BEGIN Records for the exercise

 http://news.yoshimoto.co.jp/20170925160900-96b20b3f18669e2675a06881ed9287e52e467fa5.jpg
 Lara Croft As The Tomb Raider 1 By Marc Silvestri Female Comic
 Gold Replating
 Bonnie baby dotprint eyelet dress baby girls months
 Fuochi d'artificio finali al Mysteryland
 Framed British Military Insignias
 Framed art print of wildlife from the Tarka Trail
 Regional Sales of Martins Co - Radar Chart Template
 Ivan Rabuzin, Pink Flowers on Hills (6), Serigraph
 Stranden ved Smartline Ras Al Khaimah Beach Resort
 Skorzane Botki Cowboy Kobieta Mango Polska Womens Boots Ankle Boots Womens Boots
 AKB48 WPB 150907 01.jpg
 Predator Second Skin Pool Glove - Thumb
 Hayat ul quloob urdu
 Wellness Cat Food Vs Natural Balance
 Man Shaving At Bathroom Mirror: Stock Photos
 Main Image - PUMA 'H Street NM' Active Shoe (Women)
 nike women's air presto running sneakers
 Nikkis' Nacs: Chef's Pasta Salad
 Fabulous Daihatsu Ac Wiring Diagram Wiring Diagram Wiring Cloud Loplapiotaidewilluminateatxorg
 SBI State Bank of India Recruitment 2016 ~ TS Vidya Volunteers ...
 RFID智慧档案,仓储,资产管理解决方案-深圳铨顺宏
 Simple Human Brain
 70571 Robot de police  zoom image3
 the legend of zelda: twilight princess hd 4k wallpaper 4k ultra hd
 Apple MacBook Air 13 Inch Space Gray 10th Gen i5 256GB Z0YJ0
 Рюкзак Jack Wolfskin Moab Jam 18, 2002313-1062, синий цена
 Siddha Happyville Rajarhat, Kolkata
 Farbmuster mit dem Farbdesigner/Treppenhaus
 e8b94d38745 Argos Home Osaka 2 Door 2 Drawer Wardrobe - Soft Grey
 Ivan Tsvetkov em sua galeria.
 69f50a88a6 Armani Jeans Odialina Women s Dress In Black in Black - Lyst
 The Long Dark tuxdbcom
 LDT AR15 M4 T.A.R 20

END Records for the exercise

**Problem to work on**
Everything above from the line with "nike women's air presto running sneakers" to the line with "the legend of", both included, must be repeated exactly, and nothing outside that range.

**Result of the exercise**
 nike women's air presto running sneakers
 Nikkis' Nacs: Chef's Pasta Salad
 Fabulous Daihatsu Ac Wiring Diagram Wiring Diagram Wiring Cloud Loplapiotaidewilluminateatxorg
 SBI State Bank of India Recruitment 2016 ~ TS Vidya Volunteers ...
 RFID智慧档案,仓储,资产管理解决方案-深圳铨顺宏
 Simple Human Brain
 70571 Robot de police  zoom image3
 the legend of zelda: twilight princess hd 4k wallpaper 4k ultra hd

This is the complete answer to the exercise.